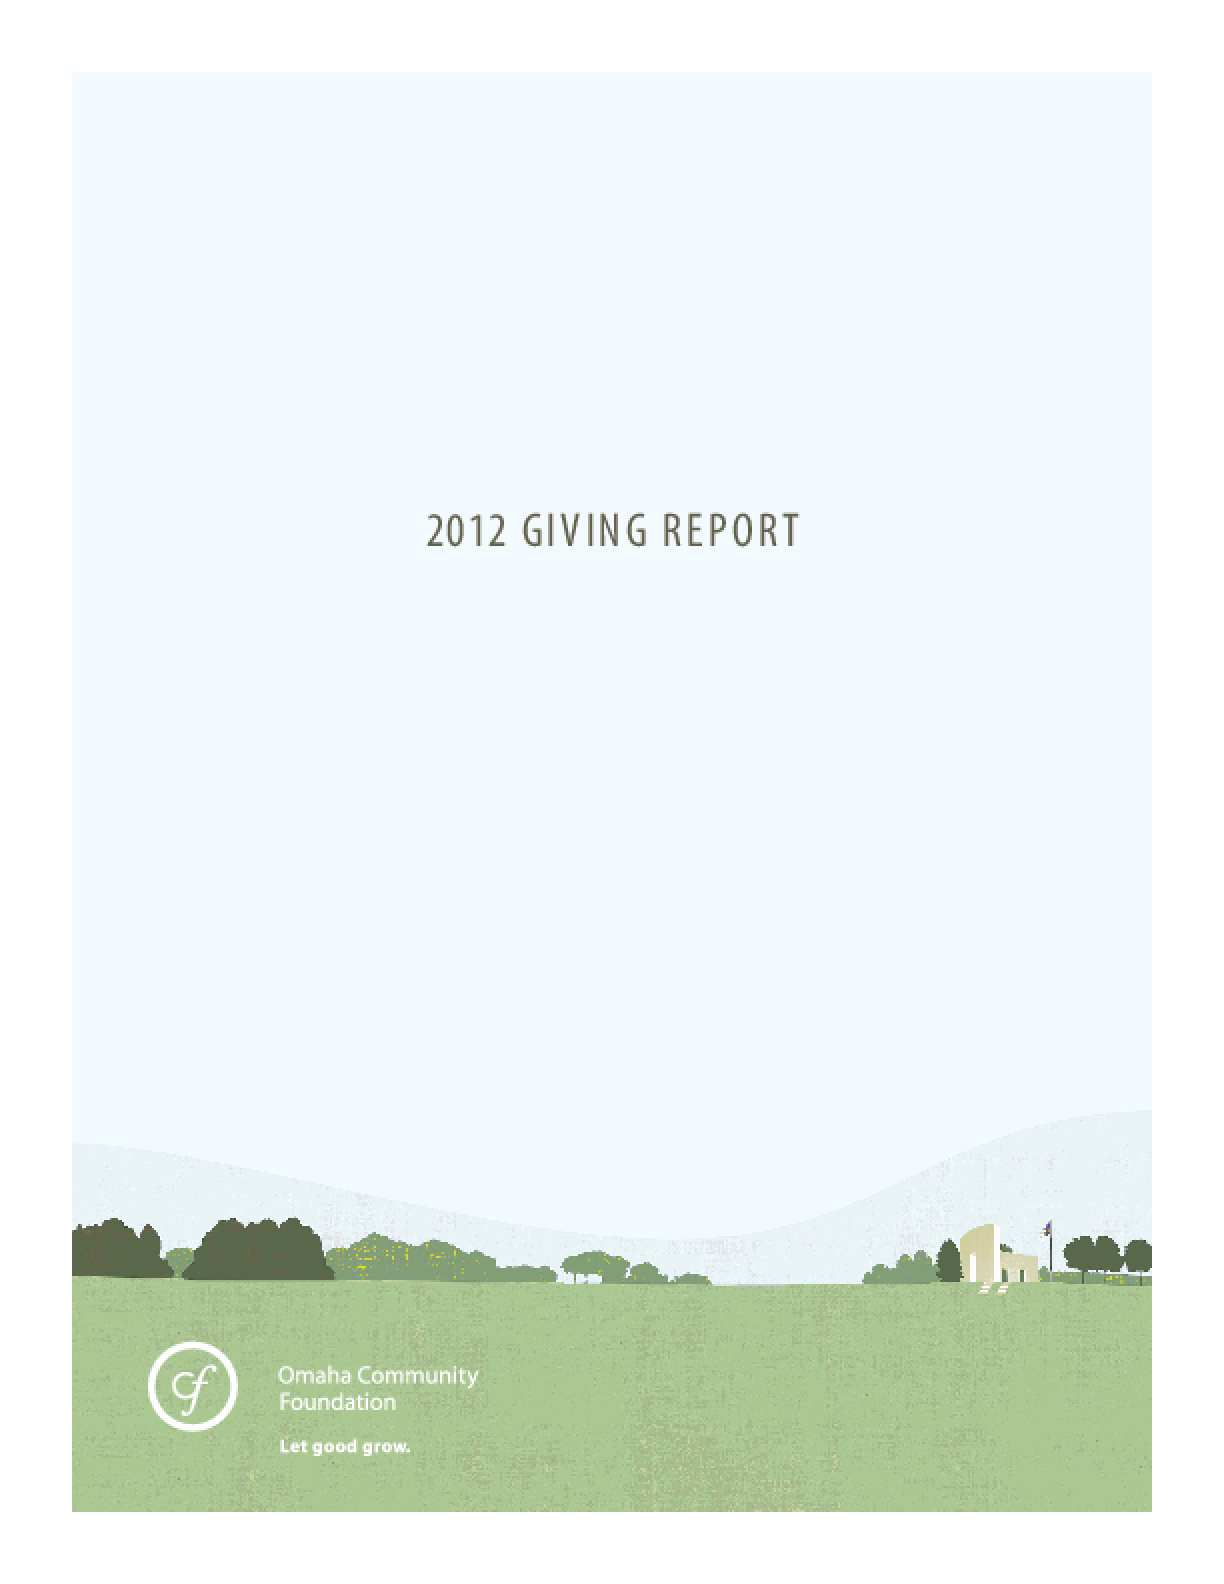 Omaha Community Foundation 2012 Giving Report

==

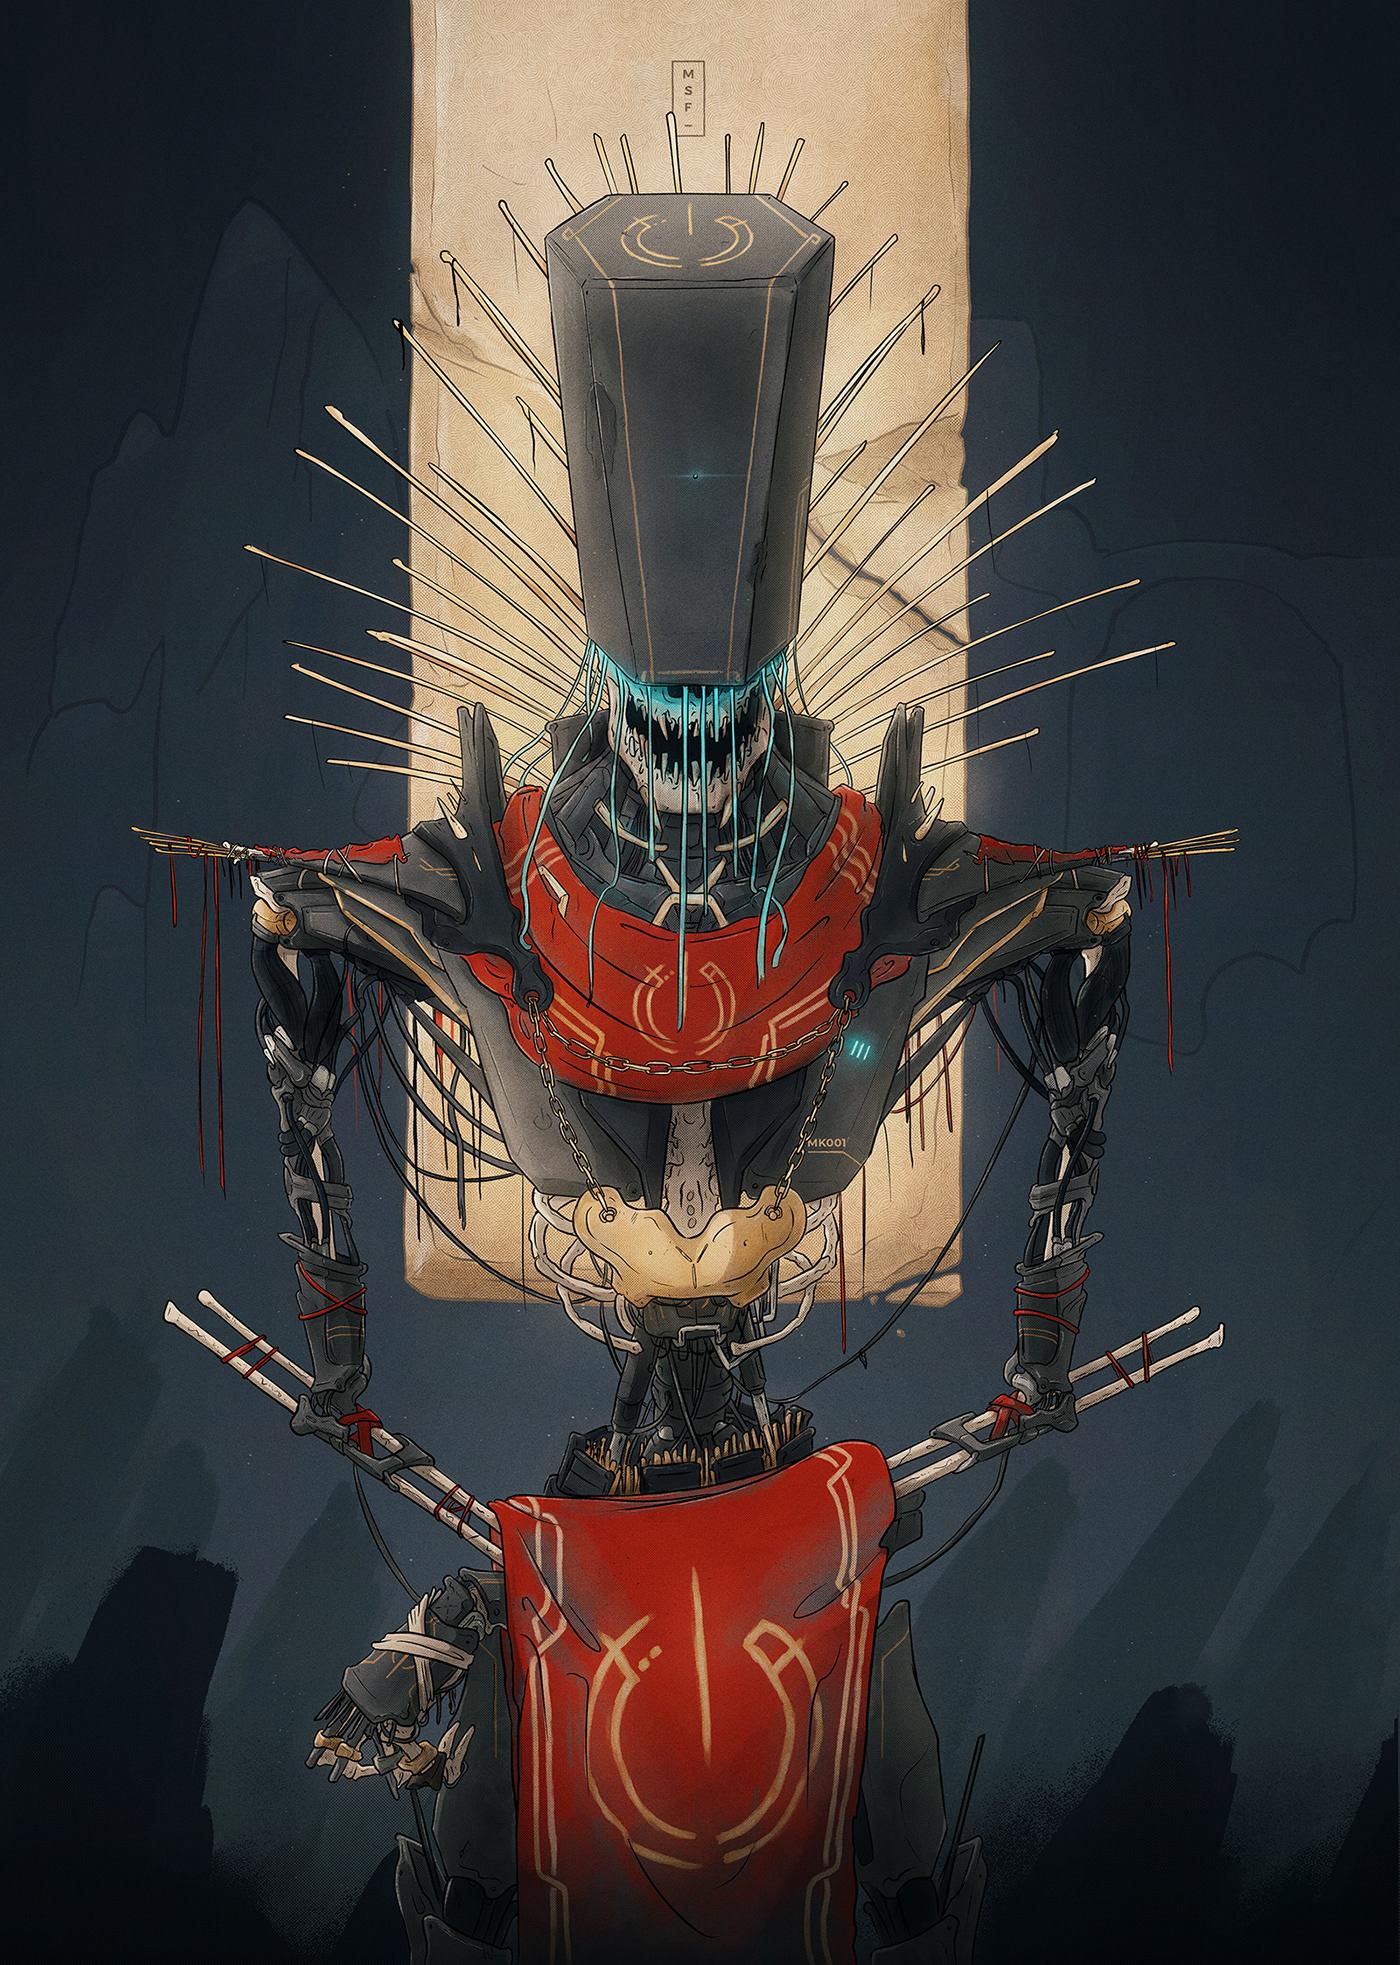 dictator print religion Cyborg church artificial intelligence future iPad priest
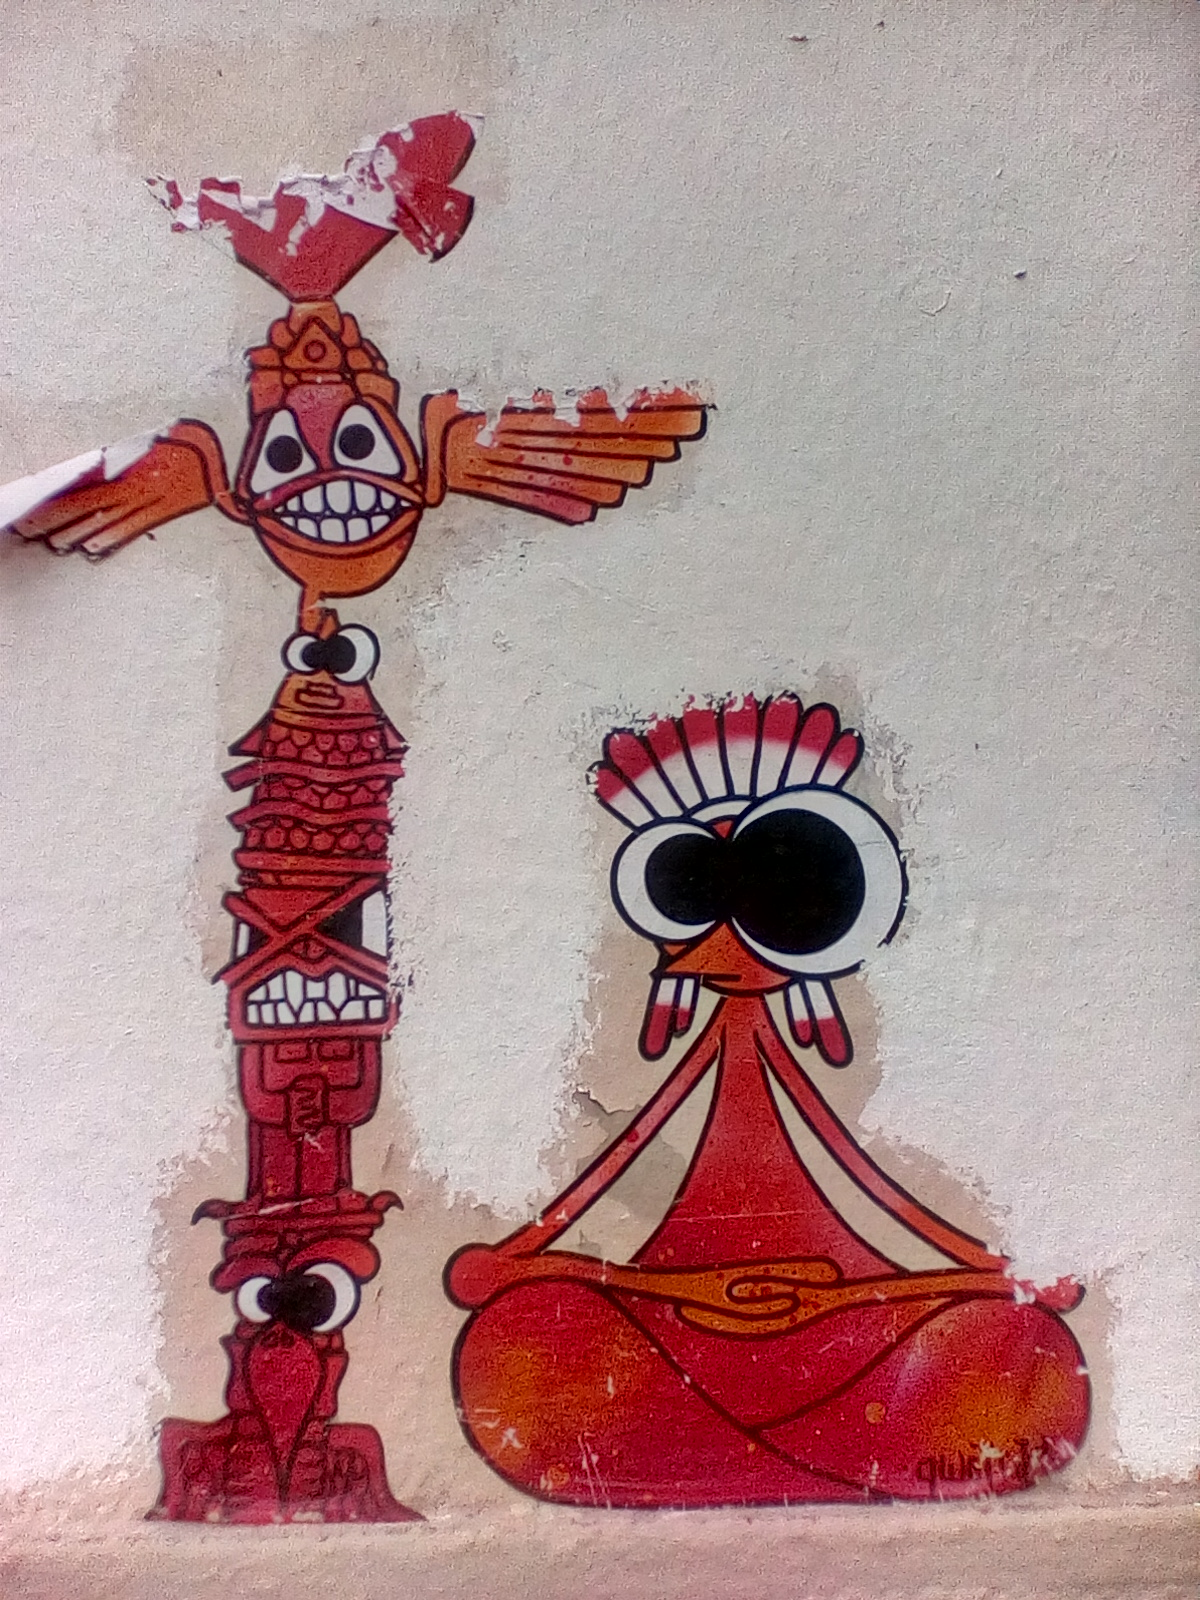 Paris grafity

### Exercise
Beginning with the line above that contains "dictator print religion" and finishing with the line that contains "Paris grafity", print those lines exactly and only. Skip all pictures.

### Finished exercise
 dictator print religion Cyborg church artificial intelligence future iPad priest
 Paris grafity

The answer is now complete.